23 January 2001
Damn, it's back. As I was drying off after my shower this morning, I got a strange cramp. It built slowly, smack in the center of my torso. By the time I'd walked back to the bed from the bathroom, it hurt so much I thought about taking the day off. But after about five minutes of laying down, it faded again, so I got up and got dressed.
All the way to work, I could feel it lurking behind my stomach, not actually hurting, but feeling a little tight, waiting for an excuse. Now that I'm actually at work, it's coming and going in waves, in a different spot each time - sometimes near my stomach, sometimes low in my abdomen. The pain isn't as bad as it was before, but it's more than a little disconcerting.
Well. I have to leave at 10:30 to go to the doctor to have my foot looked at. If it hasn't gone away by then, maybe I'll just go home afterwards.
No further news has been forthcoming about the situation at work. Everyone is practically frozen as we wait to see what will happen. There's been a lot of surfing to job listings, though.
So tell me this: You manufacture... Oh, it doesn't matter. Widgets. And when you send out your widgets, you put them in a plastic bag along with a "Certificate of Quality" which contains, among other things, the widget's serial number in a barcode.
Don't you think that, before you shipped out an order for ten thousand widgets, you'd check that barcode and make sure it could be read?
That's what I spent two and a half hours doing yesterday: trying to figure out why the barcode on the Certificate of Quality couldn't be read. I finally matched it to the barcode on the actual widget, only to discover that several lines - including the very necessary start/stop lines - had been chopped off the ends of the printed barcode.
Now I'm waiting for my supervisor to decide whether a) we'll have to open each bag to scan the barcode that's on the widget itself - a huge hiccup in what we'd hoped would be a fairly smooth process of packaging stuff to send to our customers - or b) to not bother collecting the widget information.

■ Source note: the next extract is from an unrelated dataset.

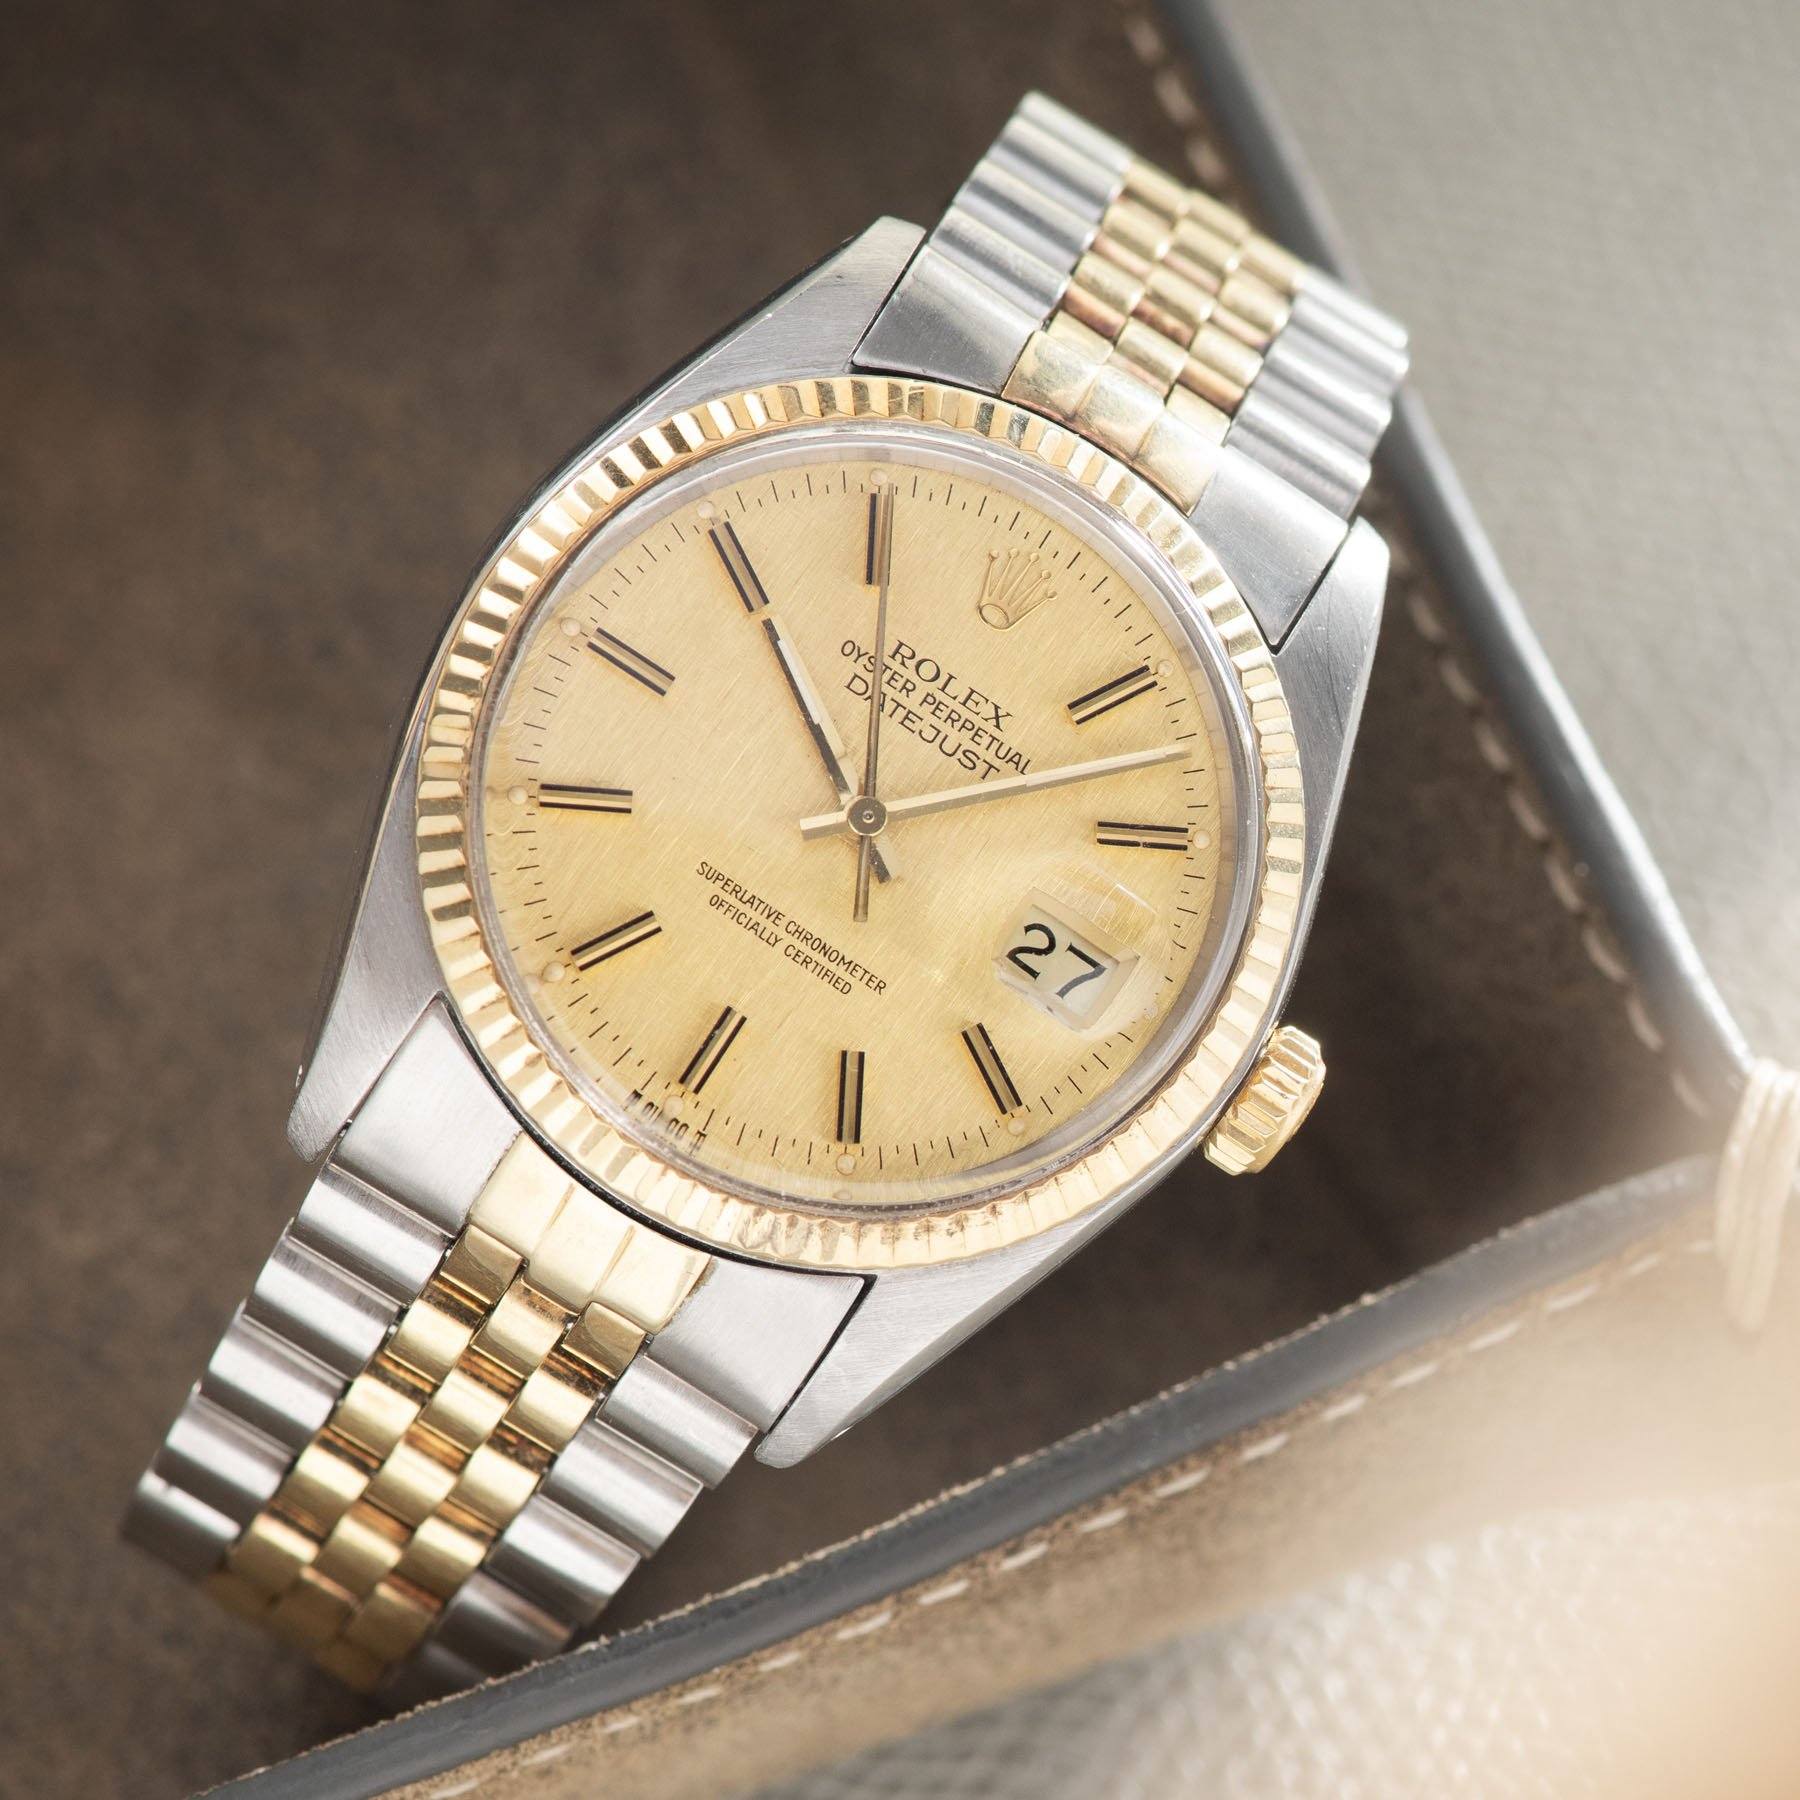 Rolex Datejust Steel and Gold 16013 Linen Dial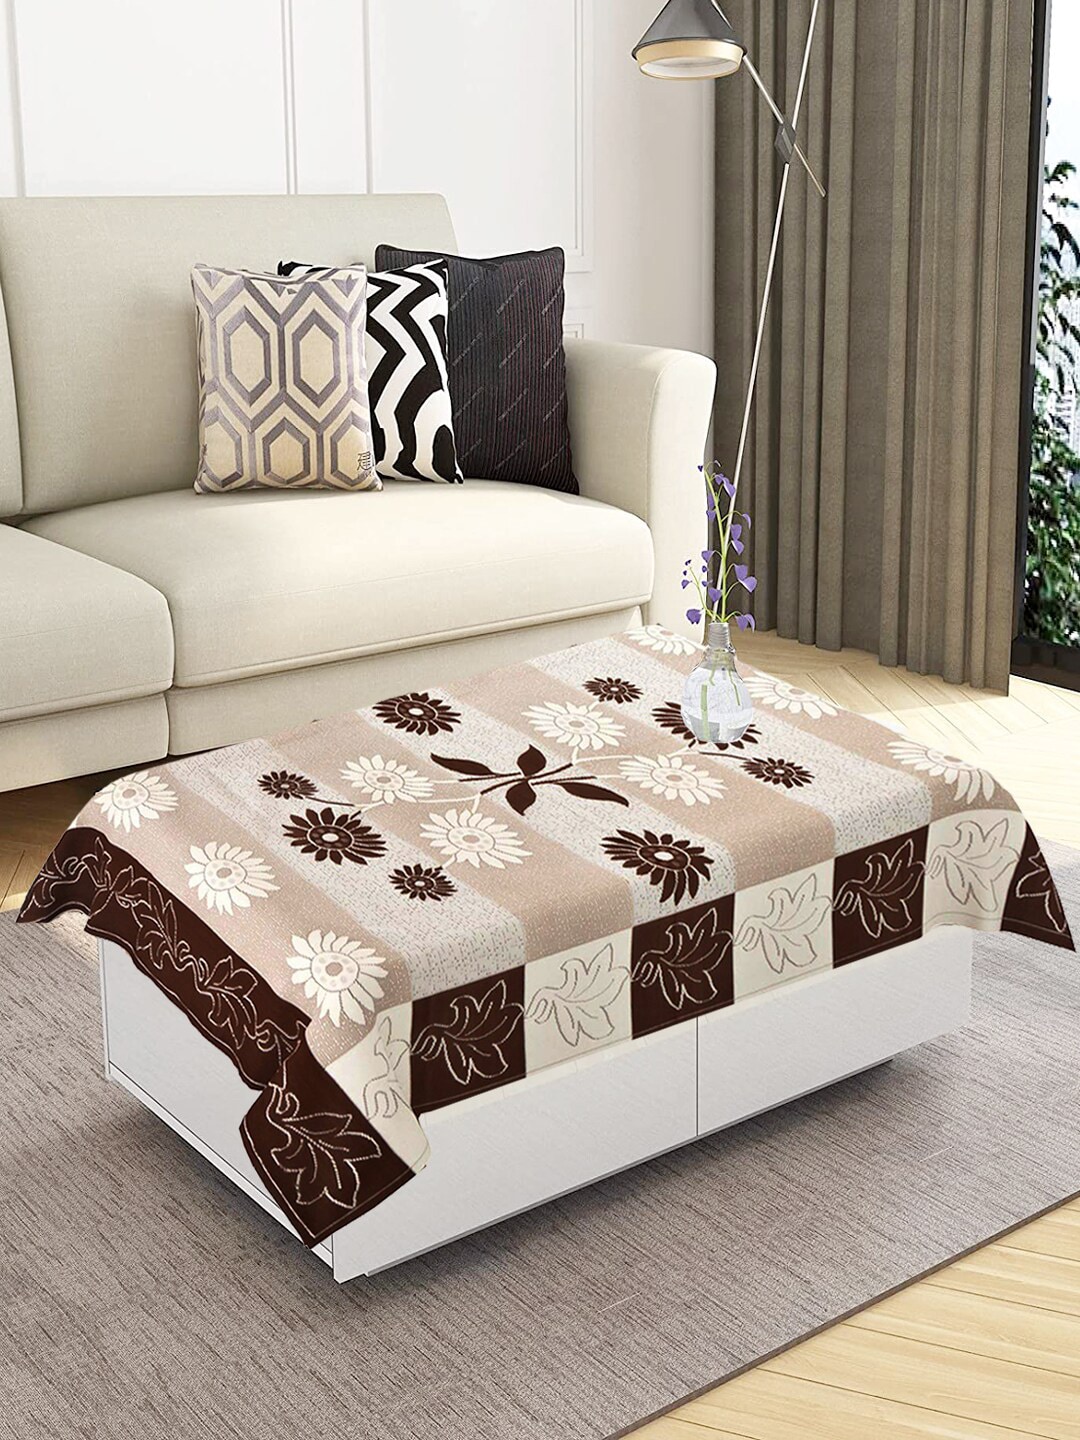 WEAVERS VILLA Coffee Brown 4 Seater Table Cover Price in India

Personally, I don't care which it is, because I won't be the one doing the packaging. But since I'm writing the program that collects the packaging information, I need to know what they're doing, and soon.
The longer I think about it, the more appealing of an idea it is to quit my job, get my teacher's license, and become a teacher. I've wanted to teach since before college. I enjoyed teaching as a TA at Virginia Tech, and I enjoyed teaching at ECPI (though the hours and the commute both left something to be desired).
Parts of it would suck, I know. The pay, for one thing. I'd probably be reducing my paycheck by somewhere between a third and a half if I became a public school teacher, and the opportunities for any pay increases beyond basic standard-of-living would practically disappear. And I grew up in a house full of teachers - I'm fully aware of the political maneuvering and petty bickering that goes on.
But at least, as a teacher, I'd get to feel like just maybe I was doing something worthwhile. Something to help our future. As it is... My job is interesting, but hardly fulfilling.
And I'm starting to see a horizon where "fulfilling" matters.
It's not a hard decision, yet. I'm not turning in my resignation or anything. But the more I think about it, the more I think it might be the right decision for me, and the more I think that I don't want to be left behind just because the idea of change frightens me.
Word of the Day:
errant - wandering; straying outside accepted bounds; deviating from a standard
Currently Reading:
- The second of Dave Duncan's King's Daggers series, whatever its title is.